The speaker circuitry 30 issues an audible alarm when the sensor circuitry 24 detects a hazard. Preferably, a loud tone (100+ decibels (dB) at ten feet) issues from the vent 32 to alert surrounding individuals of a nearby emergency. In the event of a false alarm, the dual condition detector 10 includes a mute button 38 which can temporarily silence the speaker circuitry 30 issuing the audible alarm. The mute button 38 also doubles as a test button 38, as described in more detail below. The mute button 38 is particularly useful in kitchen areas or other locations prone to nuisance alarms. When the mute button 38 is pressed while the alarm is sounding, the dual condition detector 10 is preferably silenced for a predetermined duration, such as fifteen minutes. The mute function of the dual condition detector 10 should only be used when a known alarm condition activates the alarm. Pushing the mute button 38 desensitizes the sensor circuitry 24 if the smoke sensed by the sensor circuitry 24 is not too dense. Thereafter, the audible alarm issued by the speaker circuitry 30 ceases and “chirps” intermittently. Also, the sensor LED 16 may flash intermittently (e.g. every thirty to forty seconds) for the predetermined duration (e.g. fifteen minutes). The chirping and intermittent flashing of the sensor LED 16 provides audible and visual notification that the alarm is temporarily desensitized. The dual condition detector 10 automatically resets itself after expiration of the desensitization duration programmed into the internal circuitry. The speaker circuitry 30 will reactivate the alarm if the combustion particles are still present. The dual condition detector 10 will remain silent if the sensor circuitry 24 no longer detects a threshold quantity of combustion particles that would otherwise cause the dual condition detector 10 to activate. Accordingly, the mute button 38 may be pressed repeatedly until the air surrounding the sensor circuitry 24 is cleared of the condition causing the false alarm. The dual condition detector 10 may be programmed to override the mute button 38 in the event that the sensor circuitry 24 continues to detect dense smoke or another high concentration of combustion particles. Here, the speaker circuitry 30 continues to issue an audible alarm.

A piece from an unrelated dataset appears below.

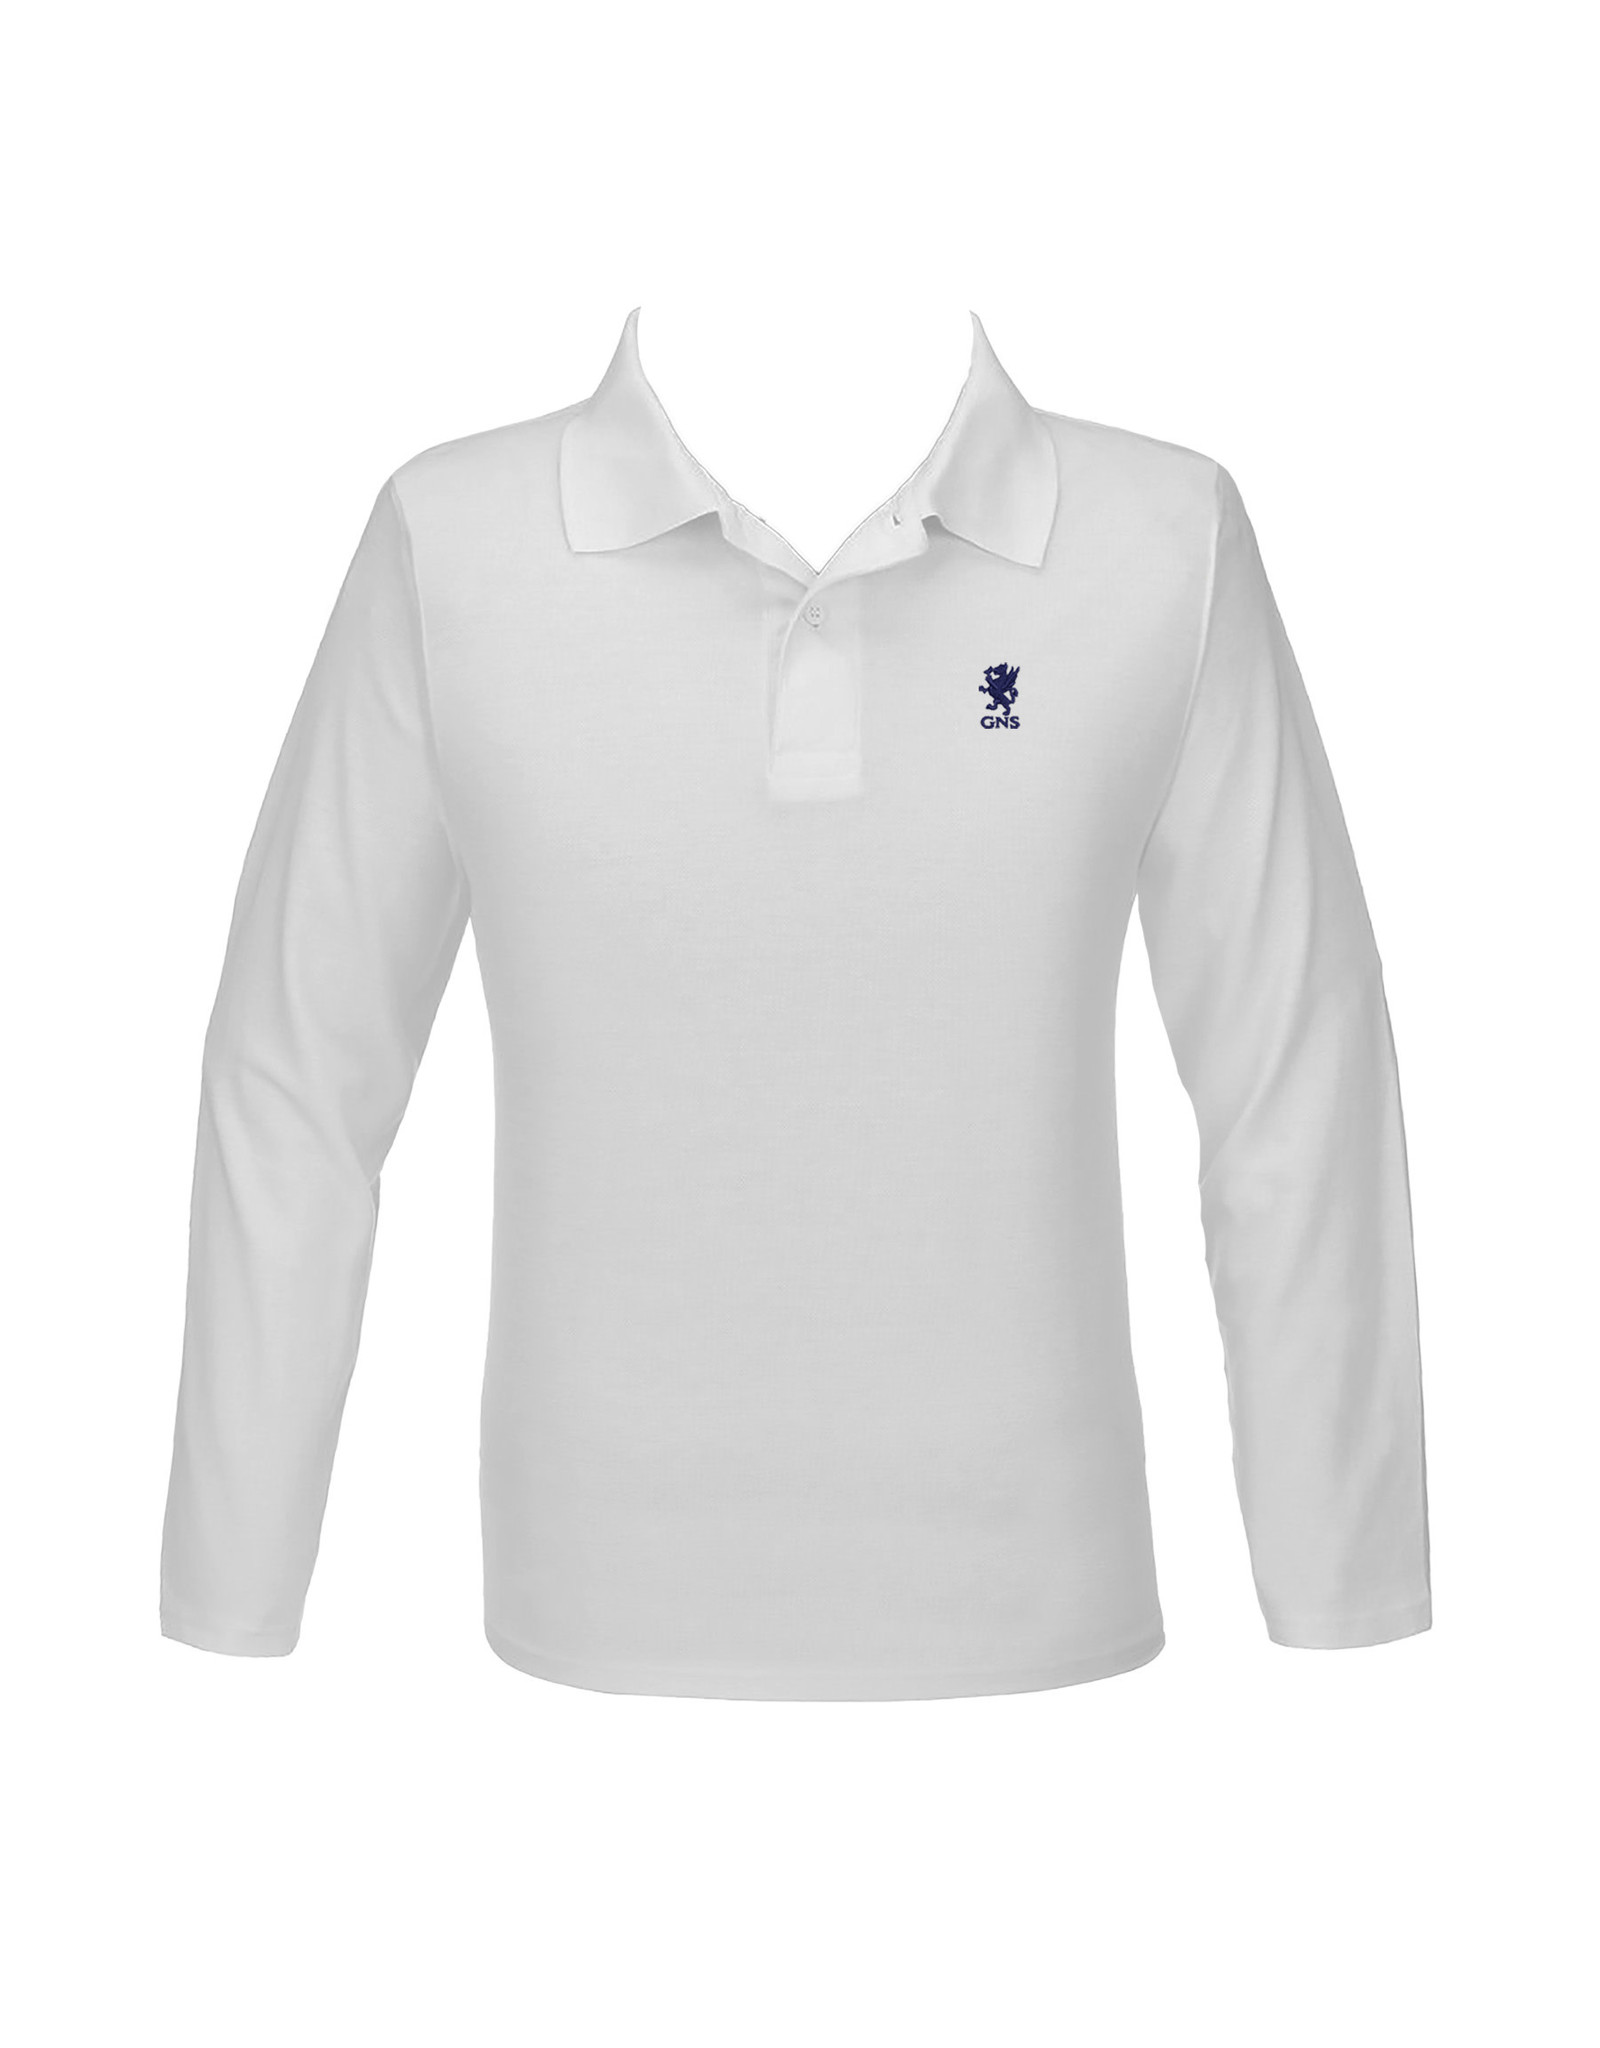 Cambridge Golf Shirt, Long Sleeve - White - Youth/Unisex

The mute button 38 may also be utilized as a test button 38 to check the operation of the dual condition detector 10. In a preferred embodiment, the dual condition detector 10 is tested weekly with the test button 38 to ensure proper operation of the circuitry 24, 26, 28, 30. For example, the test button 38 may be utilized to ensure proper installation and operation of the dual condition detector 10. Pressing the test button 38 for approximately three seconds initiates the testing sequence. The dual condition detector 10 activates the speaker circuitry 30 (issuing an audible horn) and activates the light cannon 12 (providing visual direction to an exit). The testing sequence may remain activated for up to three seconds after releasing the test button 38. The dual condition detector 10 immediately initiates a testing cycle to ensure proper operation of the circuitry 24, 26, 28, 30, the LEDs 16, 18, 20, 22 and any other electronic device integrated into the dual condition detector 10 for communicating, identifying, detecting or alerting users of a potential hazard. The dual condition detector 10 provides visual, audible and electrical testing. For example, the power indicator LED 20 may blink or flash once approximately every minute to indicate that the unit is receiving AC or DC power. The battery indicator LED 22 may also blink or flash once approximately every minute to indicate that the battery is electrically coupled to and capable of powering the dual condition detector 10. If the battery indicator LED 22 senses that the internal battery is low, the speaker circuitry 30 will issue an audible alarm comprising a short beep once every minute or so to notify the user that the battery needs to be replaced. Otherwise, the power indicator LED 20 and the battery indicator LED 22 will flash once approximately every minute to indicate that the dual condition detector 10 is receiving power from each source. Hence, a user is able to quickly, visually and audibly verify the proper functionality of the dual condition detector 10 of the present invention.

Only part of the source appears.